◆ **Supplied information**:
--------------------------------------------------

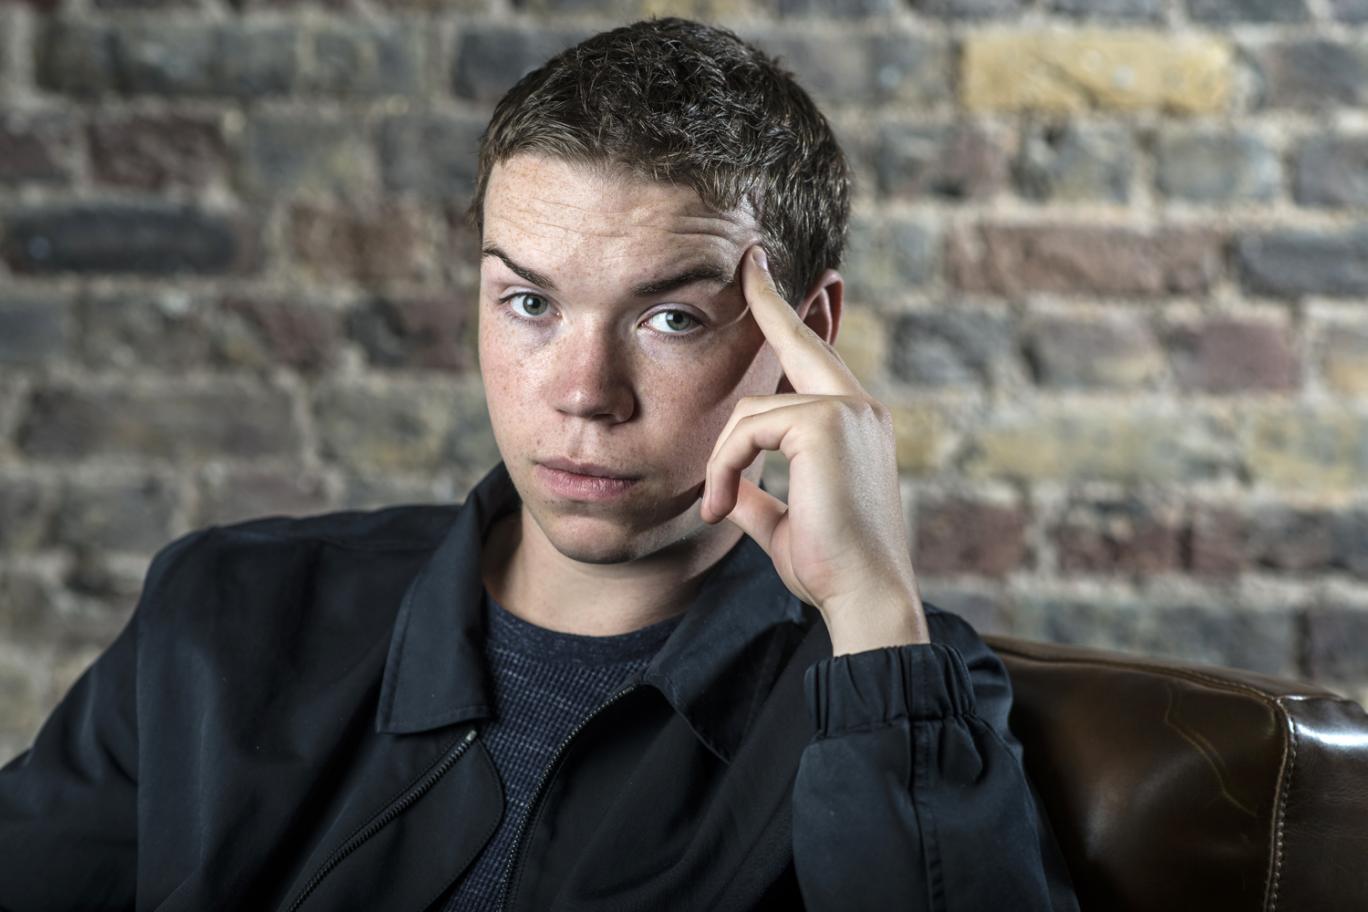 Free download Will Poulter HQ Photo Full HD Picture [1368x912] for your Desktop, Mobile & Tablet. Explore Will Poulter Wallpaper. Elf Wallpaper Will Ferrell, Wallpaper Will Not Come Off
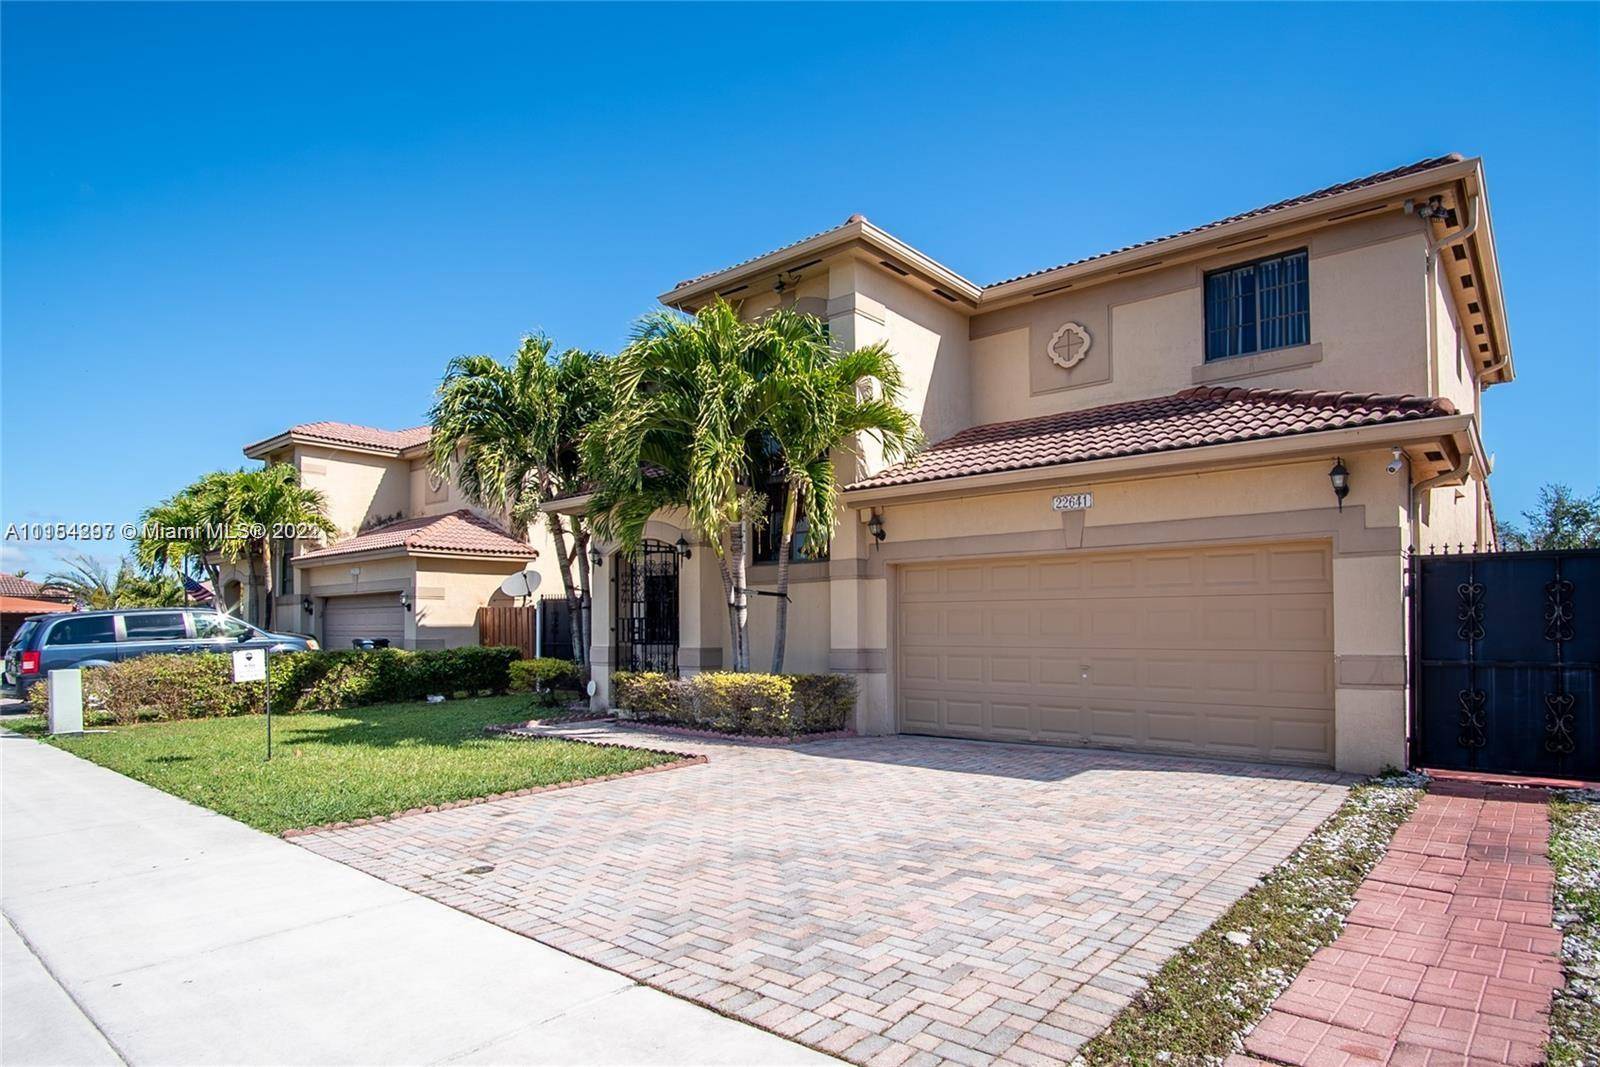 Beautiful 2 story home in Cutler Bay.
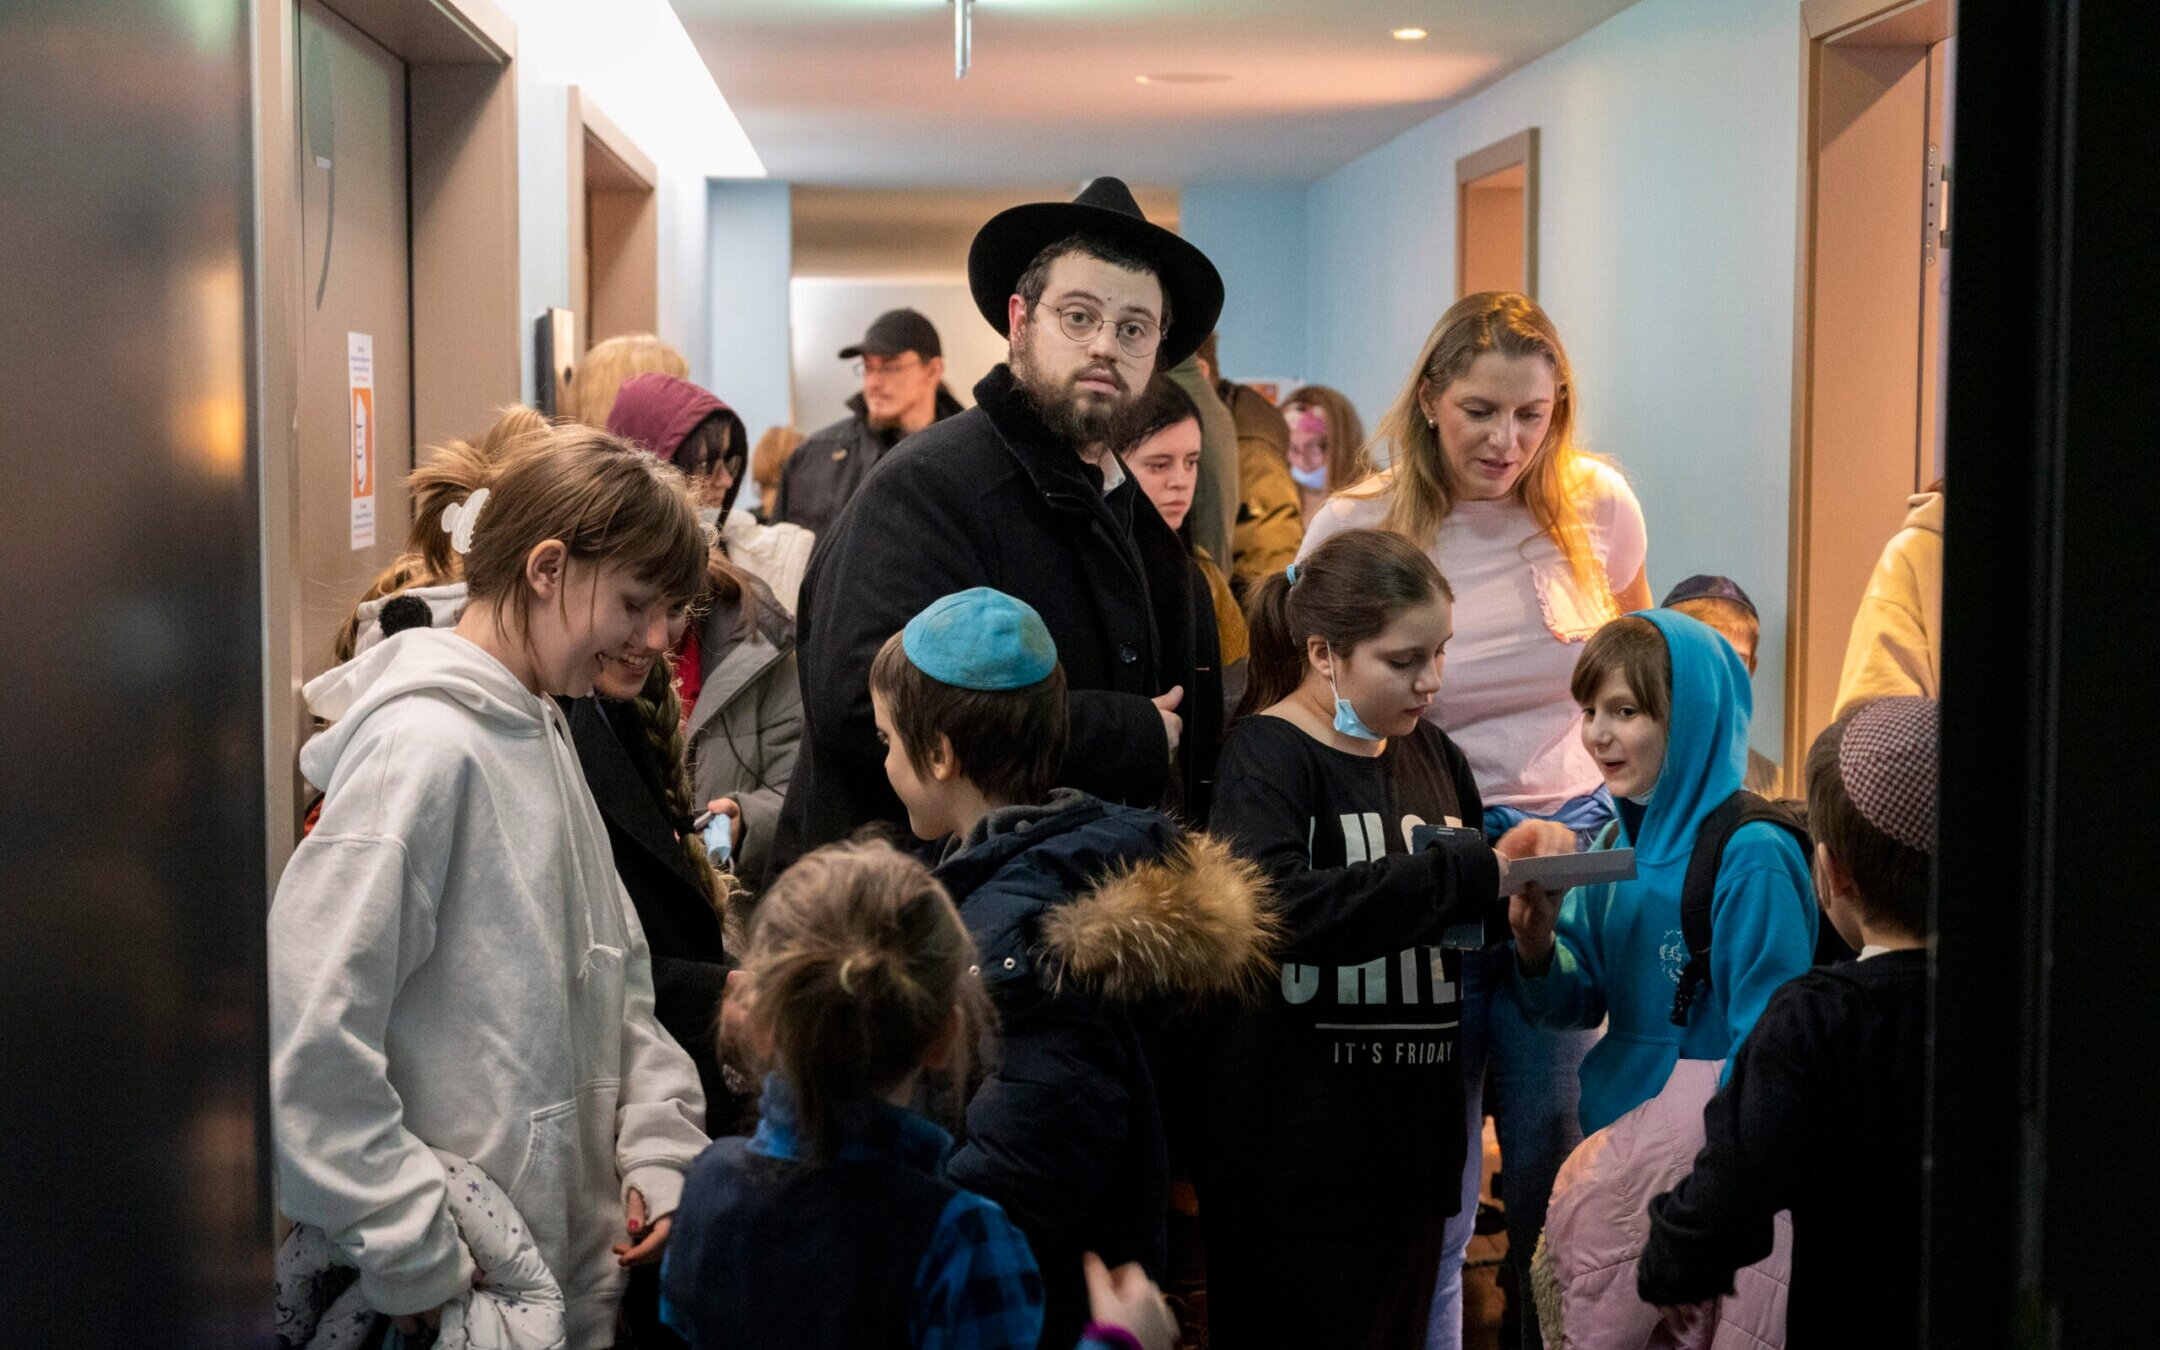 Rabbi Mendy Wolff stands in a hallway in a hotel among children he brought from a Jewish orphanage in Odessa, Ukraine. (Christophe Gateau/picture alliance via Getty Images)

--------------------------------------------------

◆ **What is required**:
When you write out the material, keep every line exact and leave out each picture.

◆ **Answer section**:
 Free download Will Poulter HQ Photo Full HD Picture [1368x912] for your Desktop, Mobile & Tablet. Explore Will Poulter Wallpaper. Elf Wallpaper Will Ferrell, Wallpaper Will Not Come Off
 Beautiful 2 story home in Cutler Bay.
 Rabbi Mendy Wolff stands in a hallway in a hotel among children he brought from a Jewish orphanage in Odessa, Ukraine. (Christophe Gateau/picture alliance via Getty Images)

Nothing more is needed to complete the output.